Tetapi semunya berubah ketika Indonesia merdeka. Kala itu pemerintahan yang sah sudah beralih ke tangan pemerintah Republik Indonesia. Akibatnya, perubahan terjadi di segala bidang, termasuk bidang pendidikan.

Hal itu menyulitkan Jenny. Pasalnya, pemerintah mengeluarkan kebijakan untuk menjadikan Bahasa Indonesia menjadi mata pelajaran wajib di sekolah-sekolah, termasuk di sekolah yang sebelumnya dikelola oleh Belanda, sementara Jenny tidak pernah belajar Bahasa Indonesia sebelumnya.

Dalam suasana dan kondisi seperti itulah permasalahan dan prahara menimpa keluarga Carolien. Perubahan-perubahan di bidang politik telah membawa dampak yang tidak kecil dalam keluarga mereka. Hanya dua pilihan mereka, bertahan atau menyerah.

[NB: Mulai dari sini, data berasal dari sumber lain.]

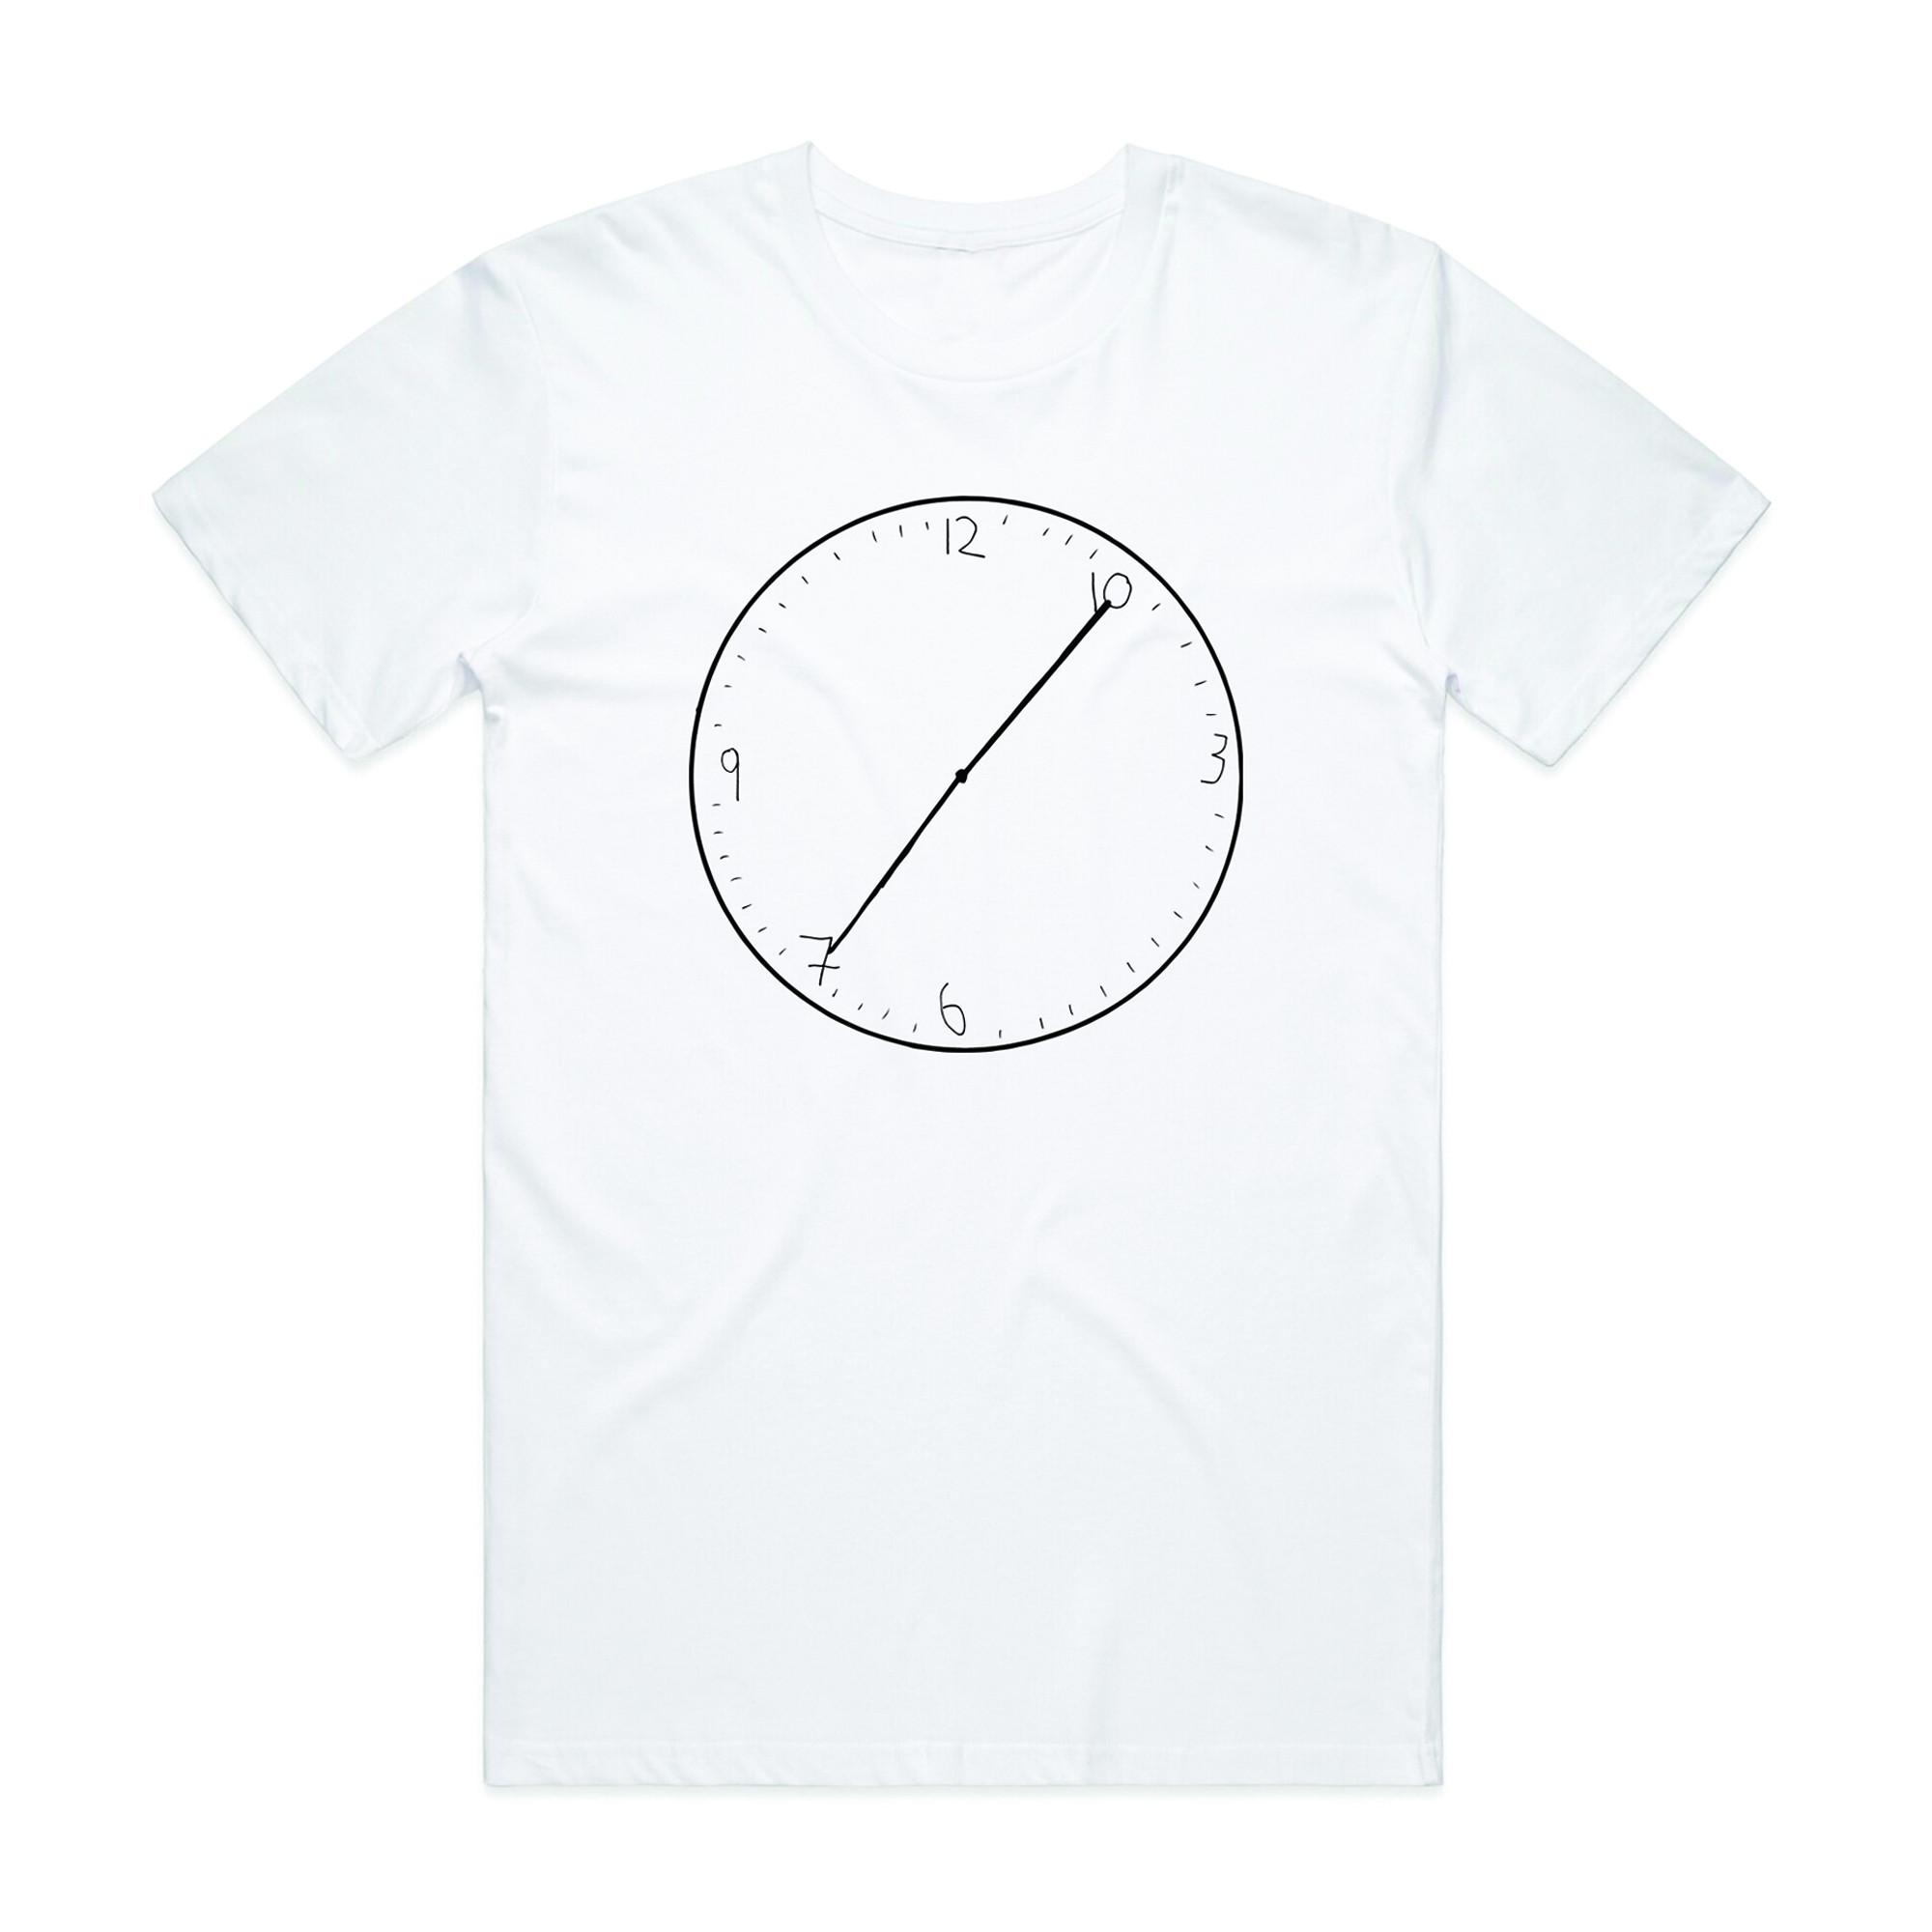 Carl Barron - Clock White Tee
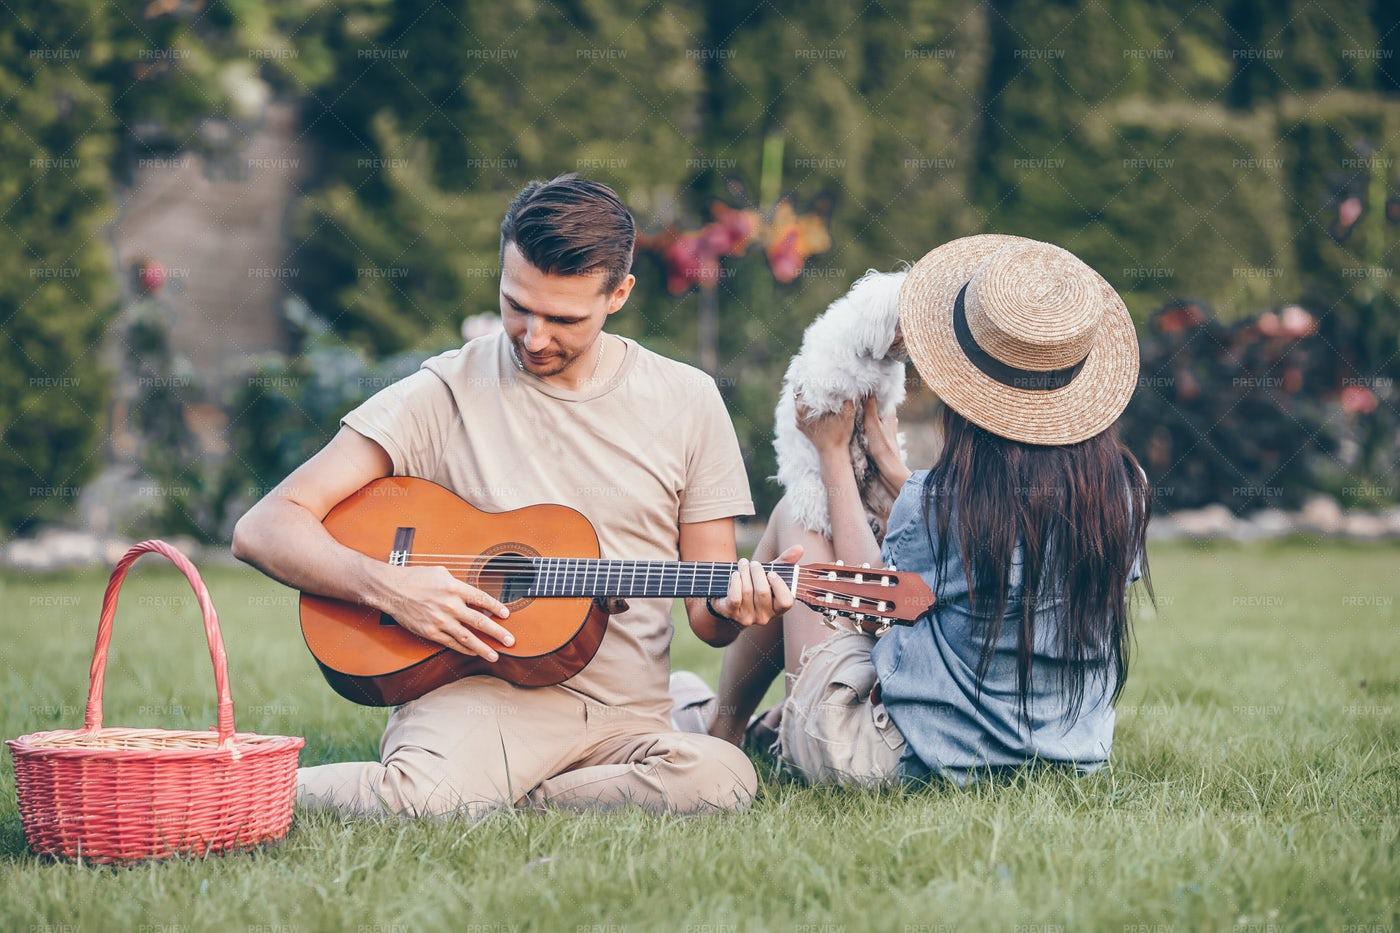 Serenade During Summer Picnic: Stock Photos

Dari novel ber-setting Kota Bandung ini pembaca dapat melihat bahwa dunia politik, secara langsung ataupun tidak, selalu berujung pada dua hal, yakni kebaikan atau penderitaan bagi rakyat. Tinggal bagaimana pemimpin dapat melihatnya untuk menemukan solusi.

Bagi pembaca di Indonesia, buku ini akan lebih menarik jika Lian Gouw dapat secara detail menunjukkan atau menggambarkan kehidupan masyarakat Bandung pada masa itu. Dengan begitu, novel ini tidak sekadar menyajikan cerita yang menarik dan menyentuh, namun juga sebuah "catatan" sosiologis yang menawan.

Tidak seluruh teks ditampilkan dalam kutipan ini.